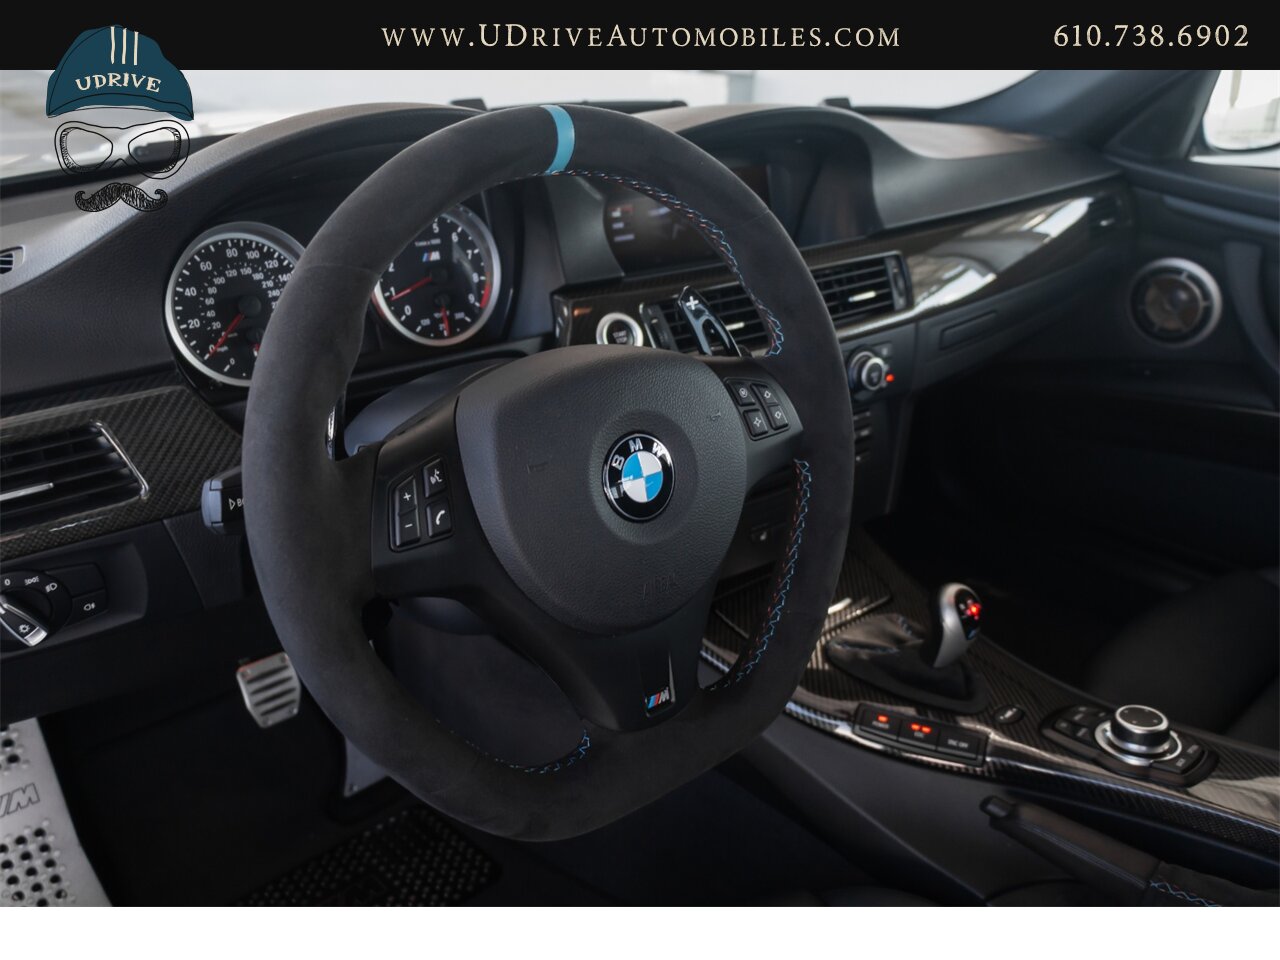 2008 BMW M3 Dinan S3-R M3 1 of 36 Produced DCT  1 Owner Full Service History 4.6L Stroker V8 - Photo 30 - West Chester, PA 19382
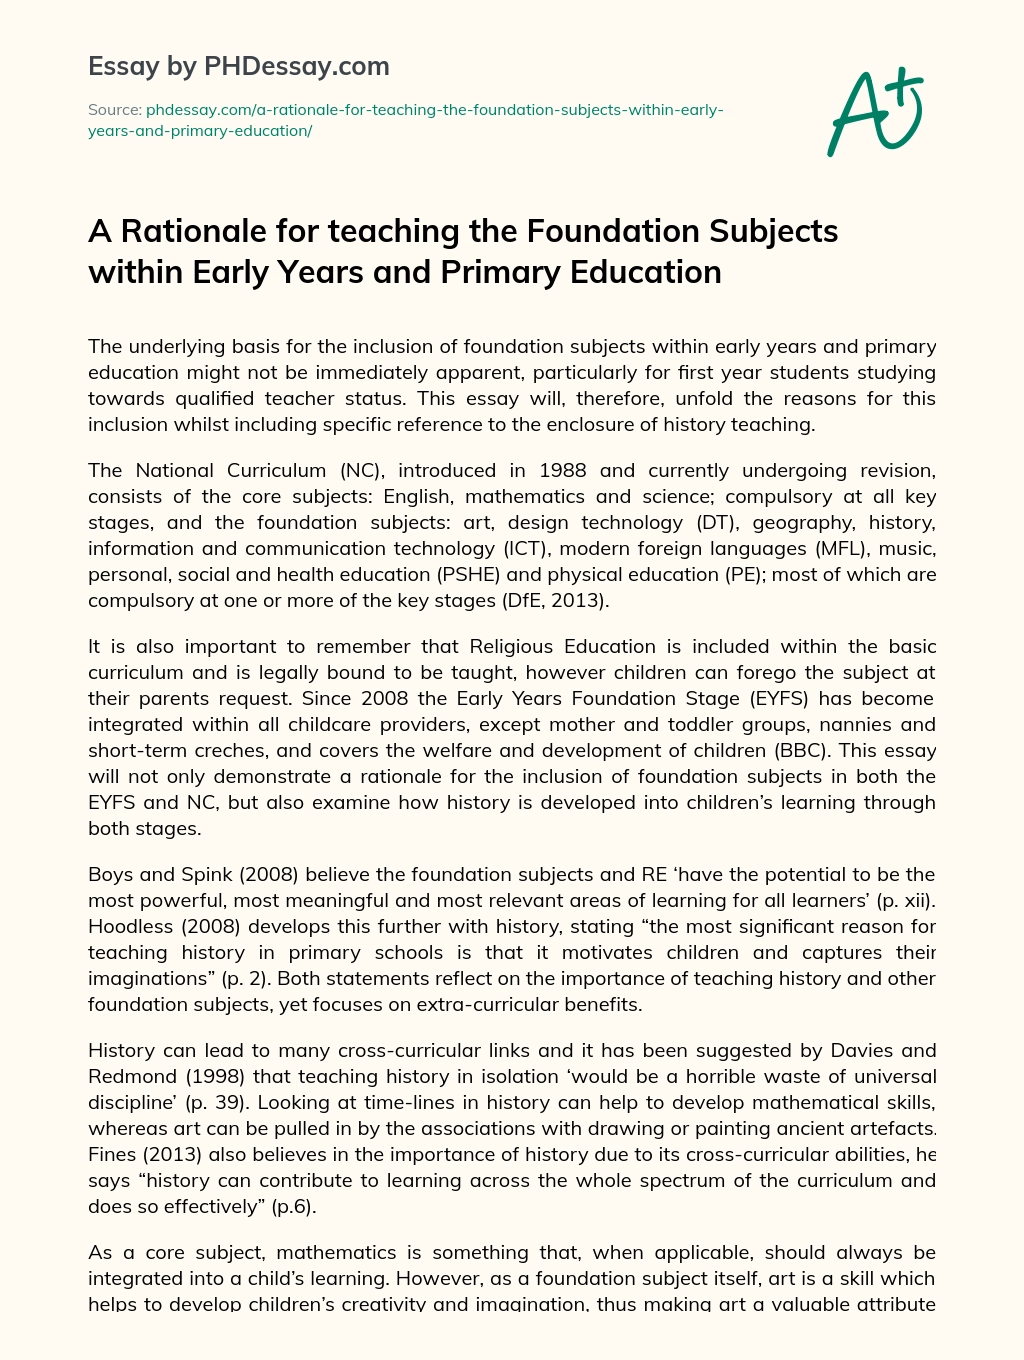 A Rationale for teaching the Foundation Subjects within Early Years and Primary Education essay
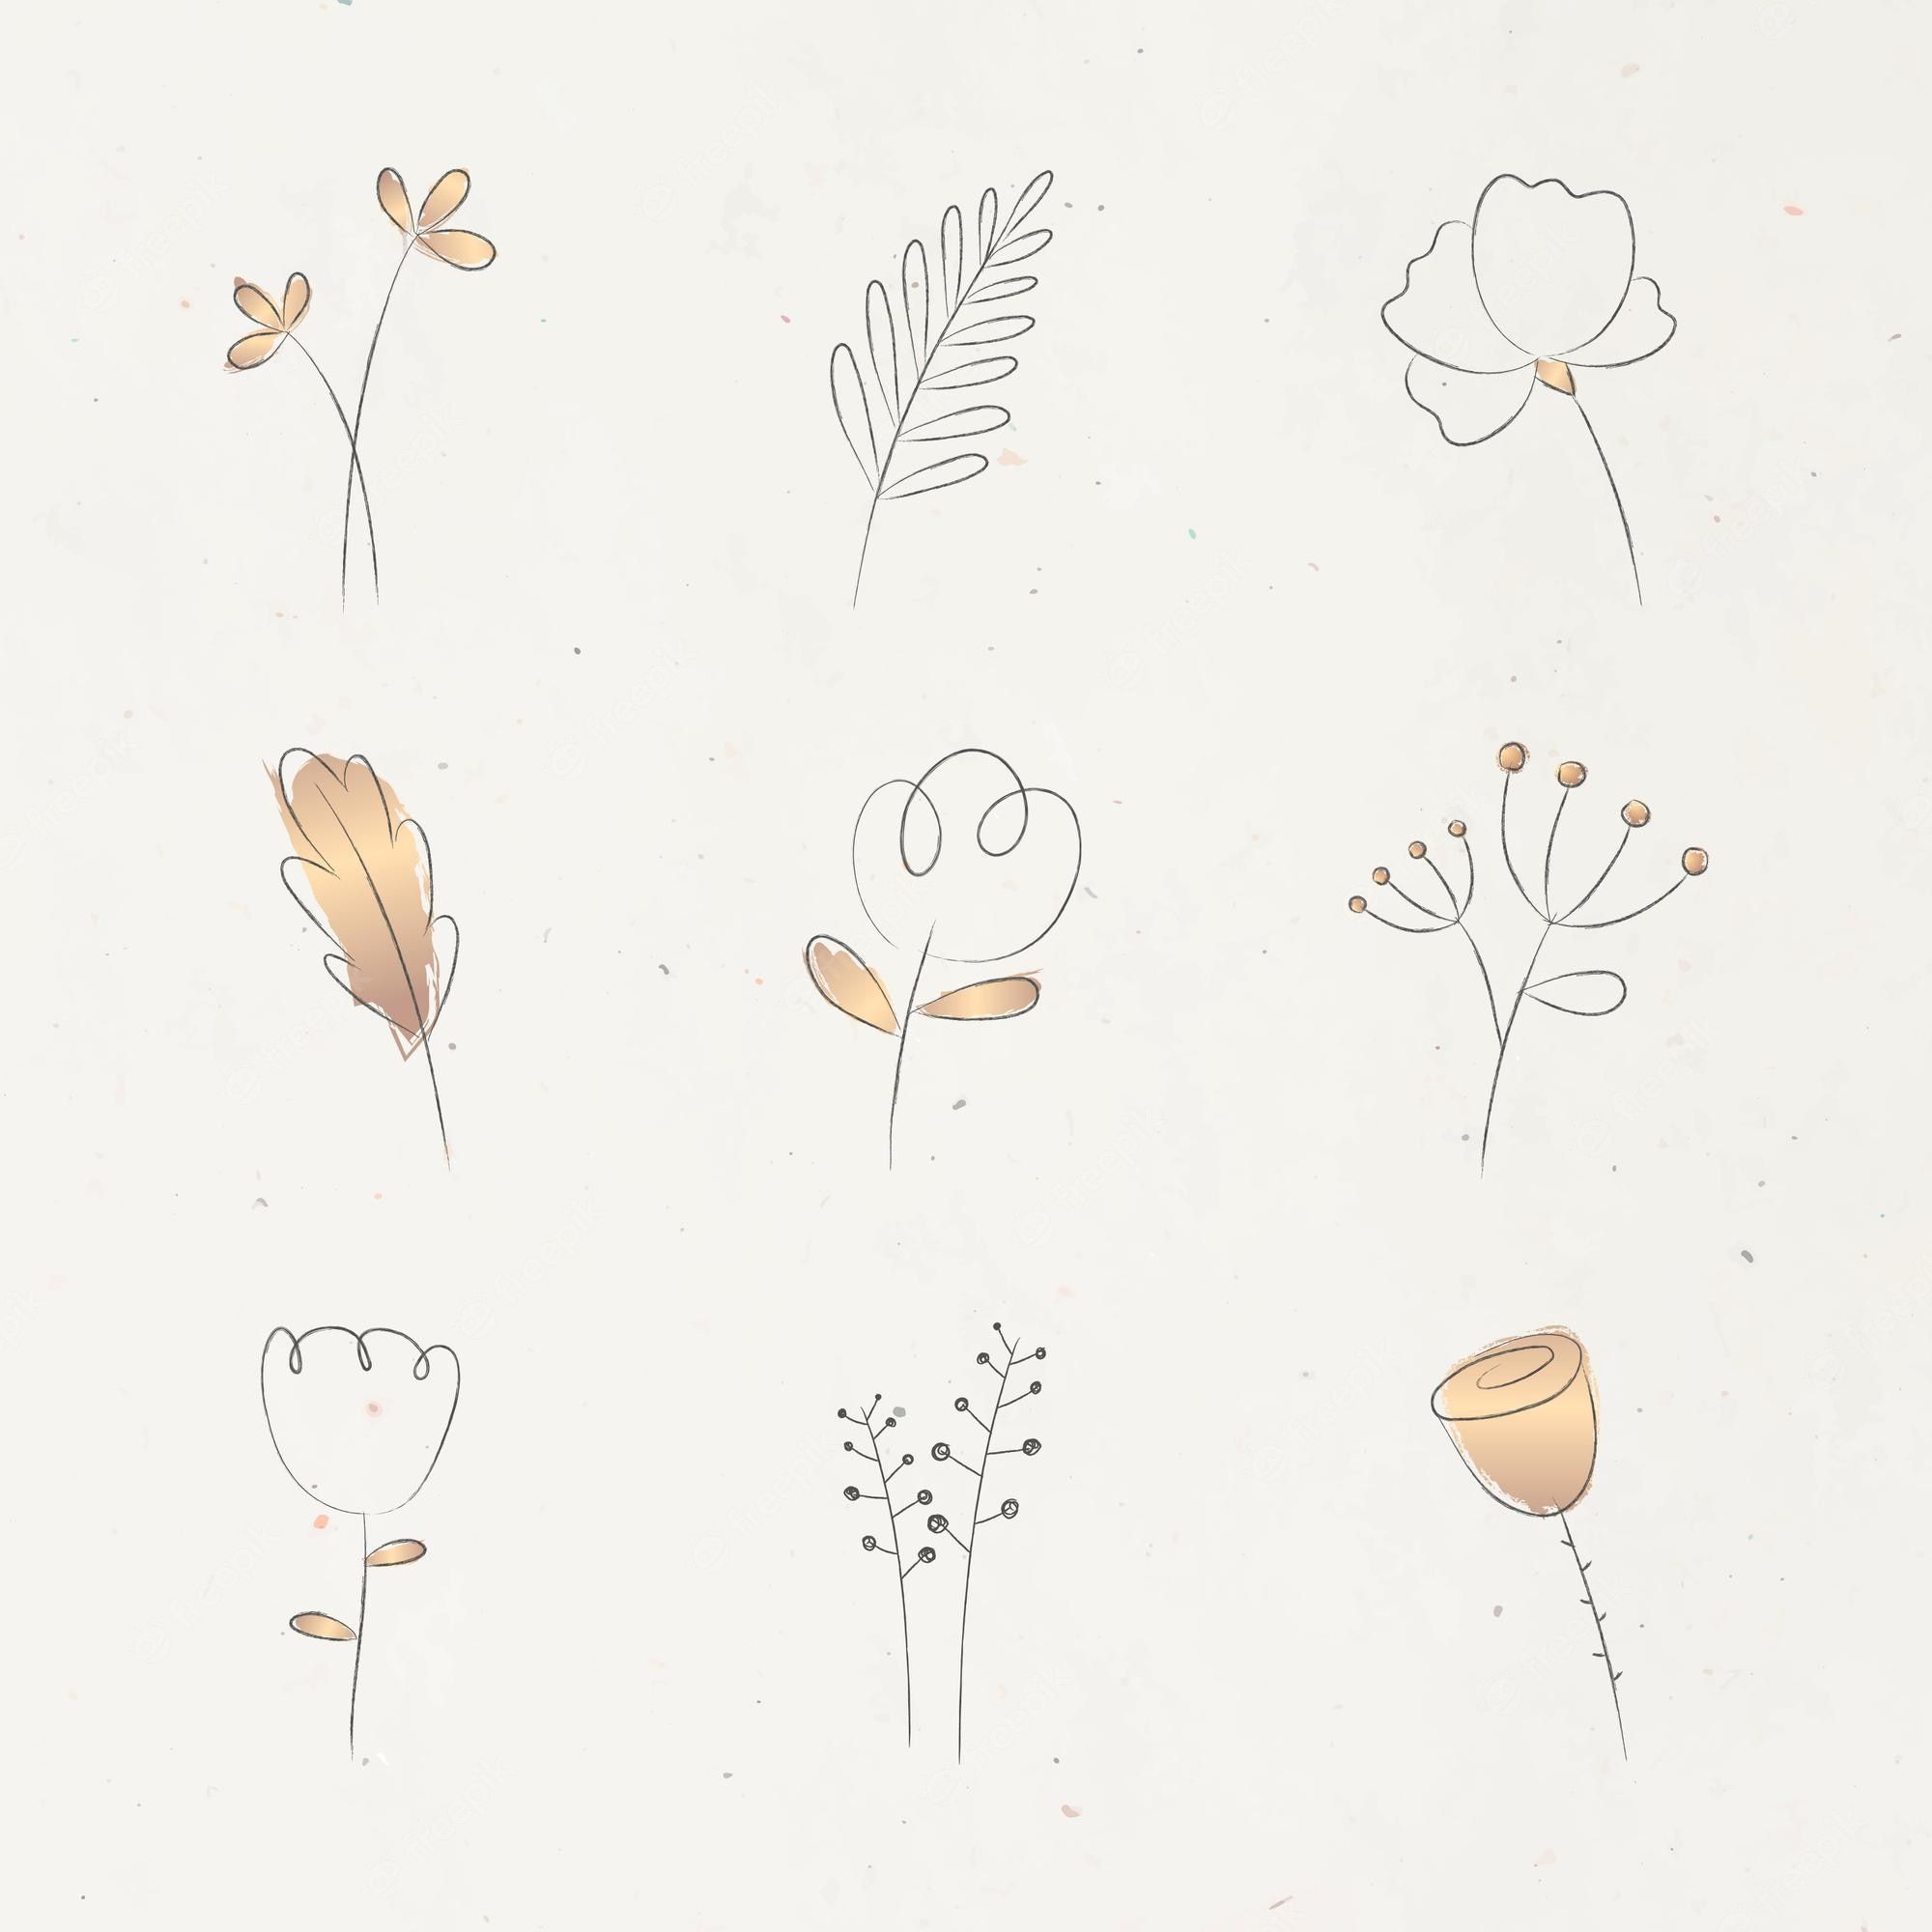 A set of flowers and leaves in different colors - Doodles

§ Exercise directions:
Reproduce word for word the lines running from the line with "A Rationale for" through the end of the data, both included, and nothing else; leave out the pictures.

§ Exercise output:
 A Rationale for teaching the Foundation Subjects within Early Years and Primary Education essay
 A set of flowers and leaves in different colors - Doodles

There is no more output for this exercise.